As noted above, the electrochemical cell comprises a membrane, preferably a Nafion ^® membrane, between the electrodes. The cell can be operated as soon as the electrodes and the membrane are immersed in water. However, it has been found that operation of the cell while the membrane is dry or substantially dry gives rise to the cell having a high resistance, in turn drawing a high voltage from the electrical energy source. This can lead to damage to the cell. In contrast, allowing the membrane to hydrate once immersed in water reduces the resistance of the cell, resulting in a lower voltage draw when the cell is activated.
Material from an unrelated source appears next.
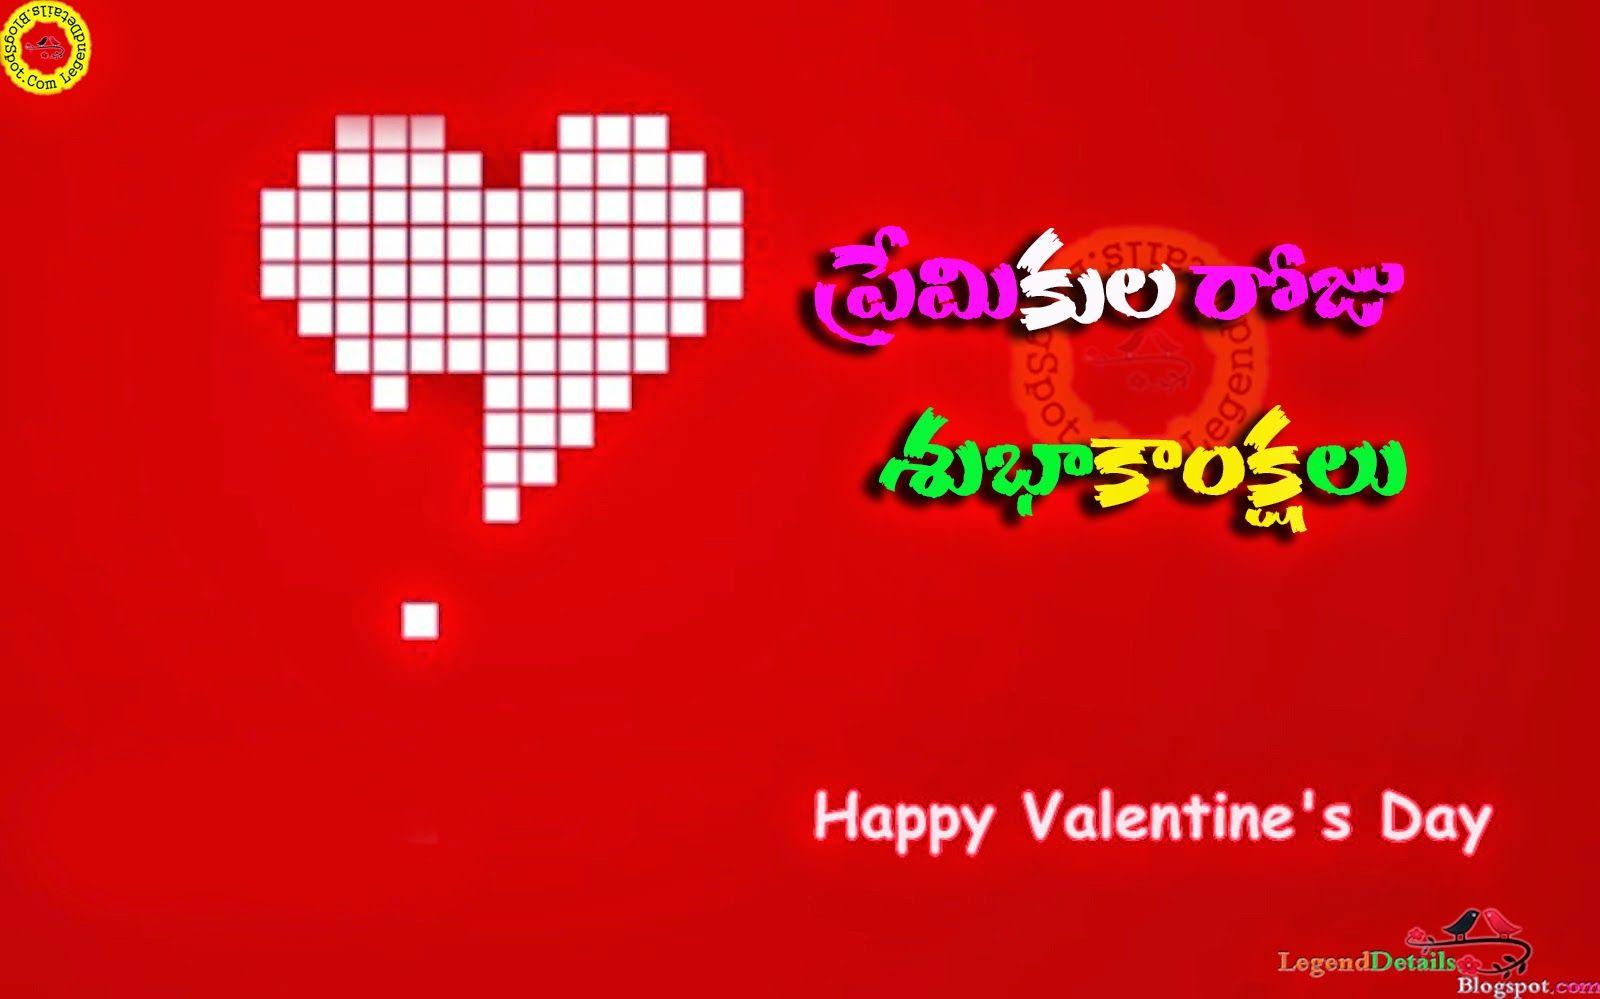 Valentines Day Wishes In Telugu Premikula Roju Subhakankshalu

As a result, it is especially preferred that the membrane is allowed hydrate, once a flow of water through the conduit has been detected, before the cell is activated and electrical energy provided to the cell for electrolysis of the water to ozone commences. Accordingly, it may be preferred that the processor is arranged to delay activating the electrochemical cell once it has been determined that the electrodes of the cell are immersed in water for a period of time sufficient to allow the membrane to hydrate. This is advantageous, for example, when the vessel has been emptied of water and refilled and prevents the electrochemical cell being activated too quickly after water has reached the electrodes of the cell.
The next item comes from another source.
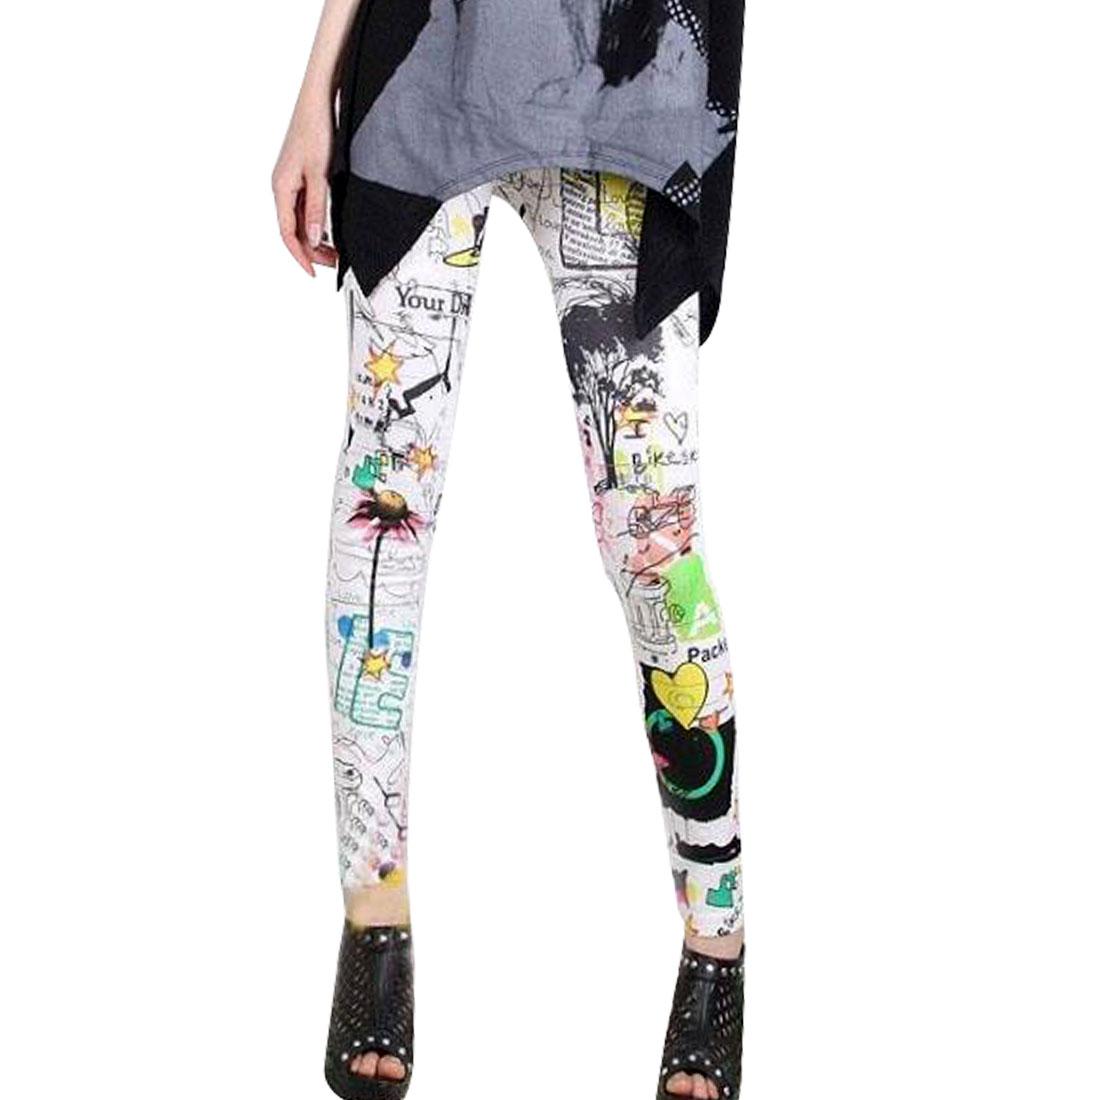 Ladies Sunflower Pattern No Seam Side Stylish Leggings Colorful S

The time required for the membrane to hydrate will depend upon such factors as the material of the membrane. In one embodiment, the processor delays activating the electrochemical cell for from 30 to 100 seconds after it has been determined that the electrodes of the cell are in contact with water, more preferably from 30 to 80 seconds, still more preferably from 30 to 70 seconds, more preferably still from 30 to 60 seconds. A delay of about 60 seconds is preferable for many embodiments. During operation and the production of ozone at the anode in the electrochemical cell, the metal anions in solution, such as calcium and magnesium migrate to the cathode, causing a build up of these metals and their compounds on the active surface of the cathode. The deposition of these metals and their compounds individually and collectively causes passivation of the cathode and a consequential reduction in the flow of electrical current through the electrochemical cell. This process of electro-deposition of materials on the cathode passivates the electrodes in the electrochemical cell causing the current flowing through the cell to reduce over a period of time, thereby reducing the productivity of the cell over time, to the point when ozone may no longer be produced by the electrodes.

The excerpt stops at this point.